• [The task]:
A verbatim transcription of the listing below is required, without its pictures.

• [Available data]:
== Segment start ==
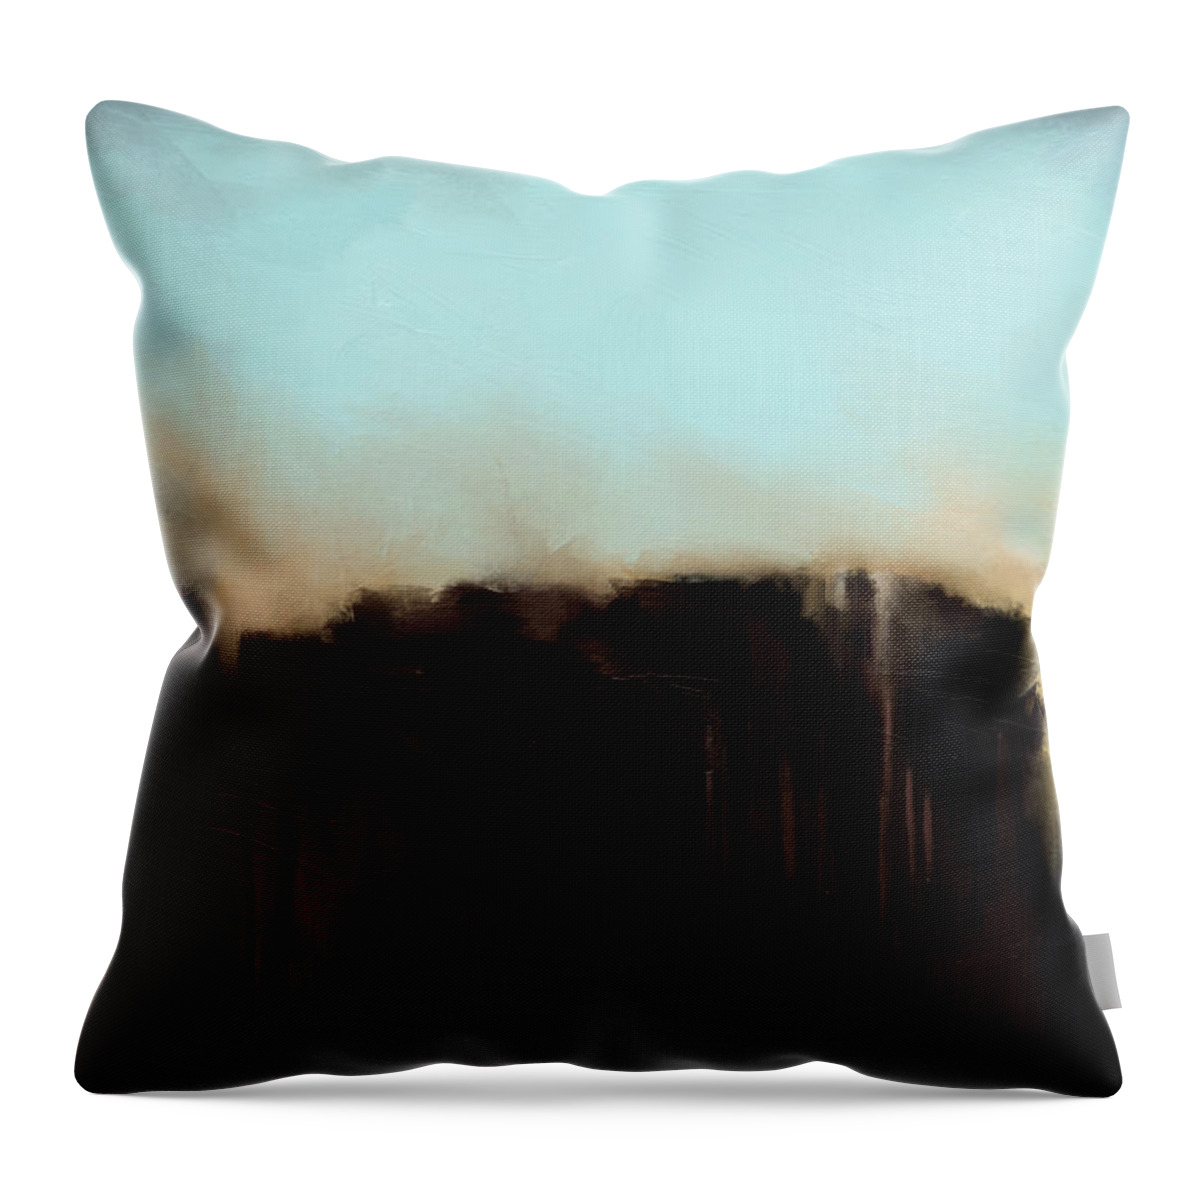 Abstract Landscape Throw Pillow featuring the painting The Western Ridge by Shawn Conn
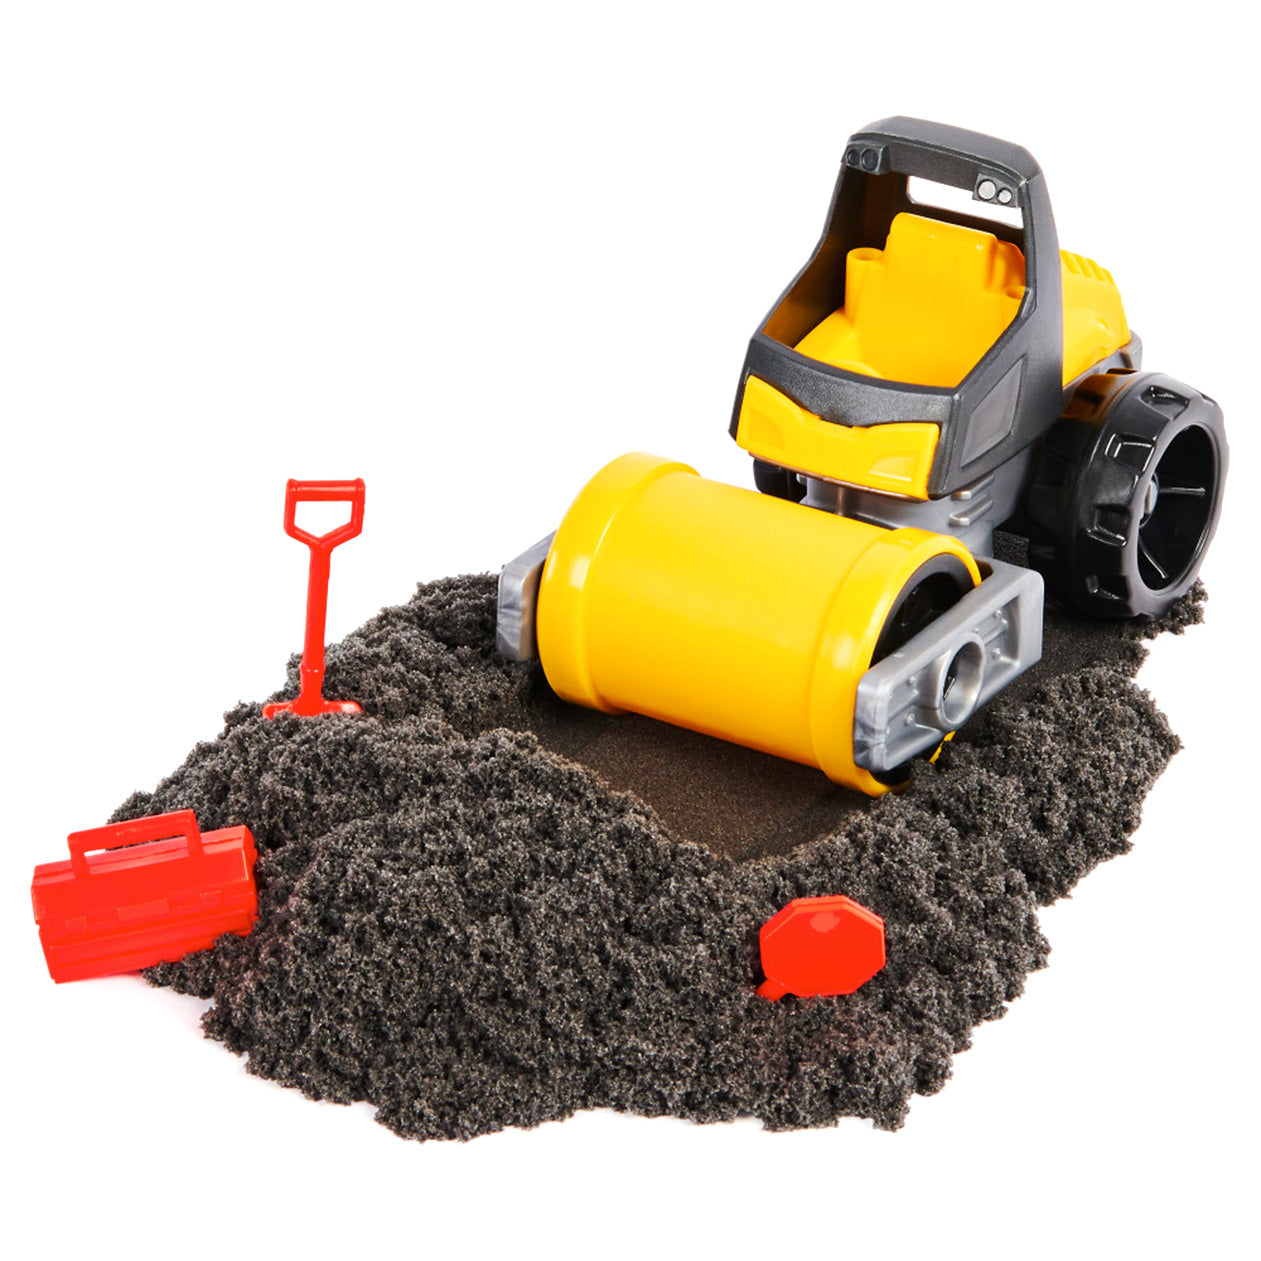 Pave and Play Construction Playset
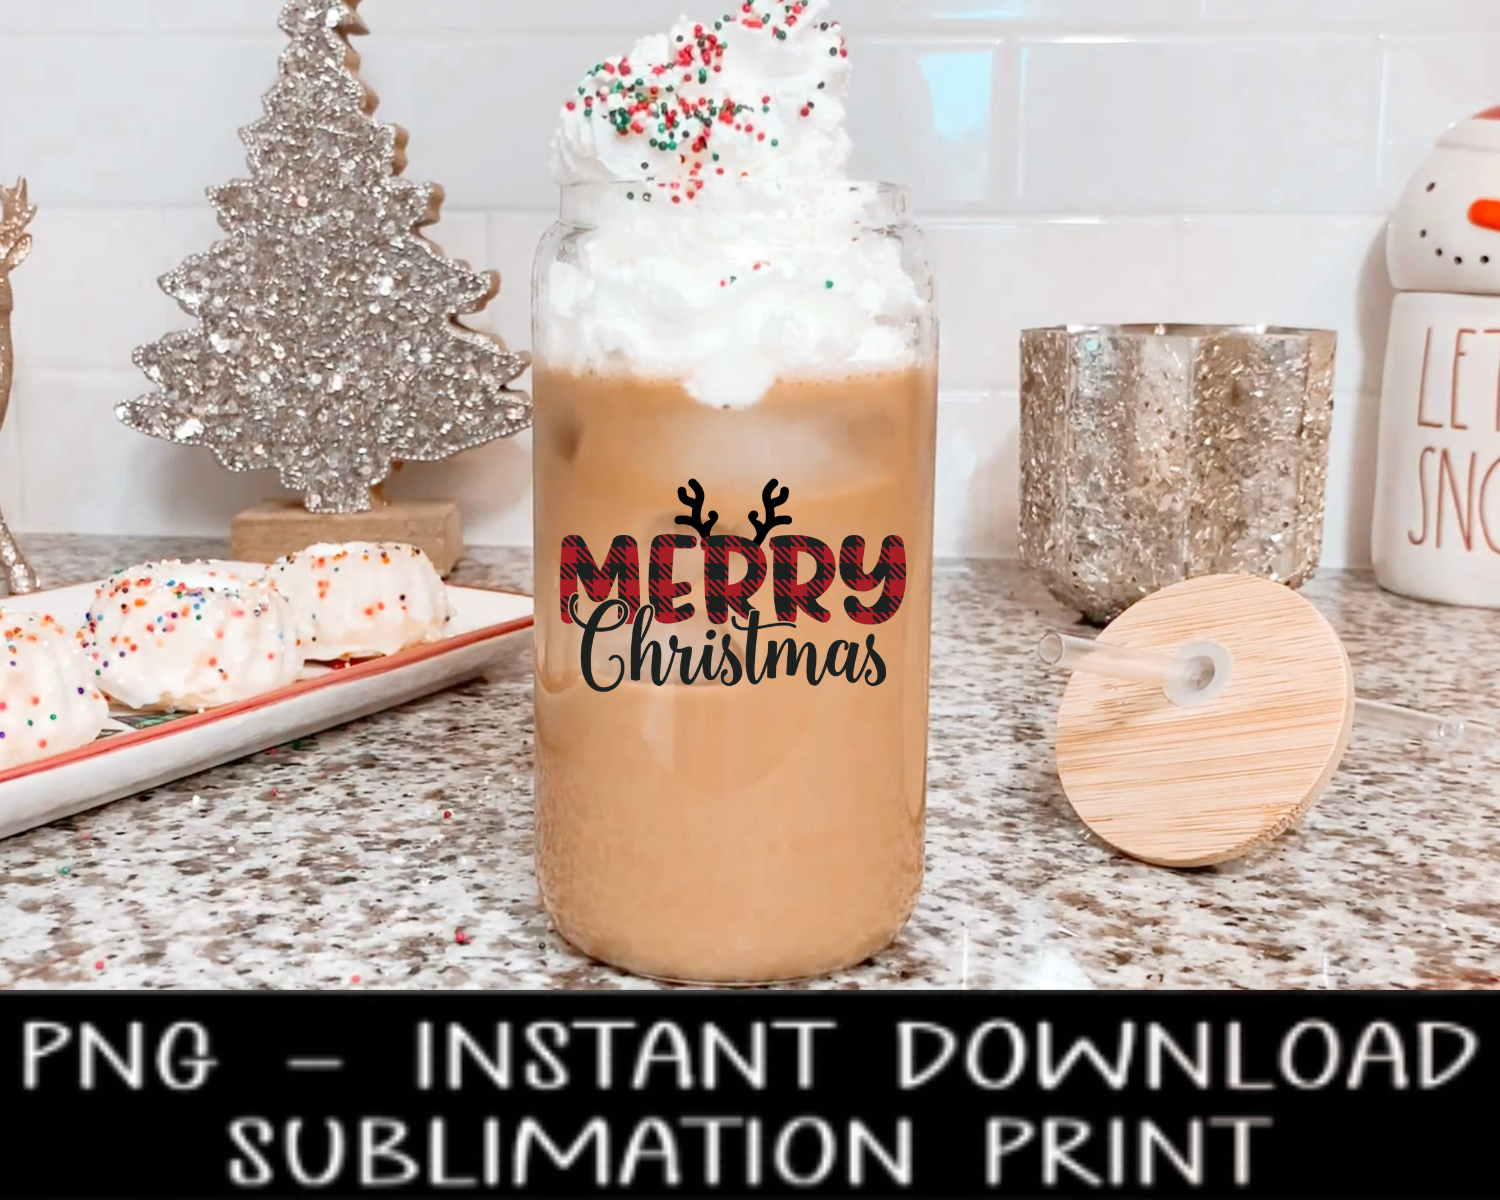 Christmas PNG, Christmas Plaid UV DtF File, Christmas Iced Coffee Glass PNG Digital Design, Sublimation PnG, Instant Download Water Slide PnG
== Segment end ==
• [Exercise result]:
 Abstract Landscape Throw Pillow featuring the painting The Western Ridge by Shawn Conn
 Pave and Play Construction Playset
 Christmas PNG, Christmas Plaid UV DtF File, Christmas Iced Coffee Glass PNG Digital Design, Sublimation PnG, Instant Download Water Slide PnG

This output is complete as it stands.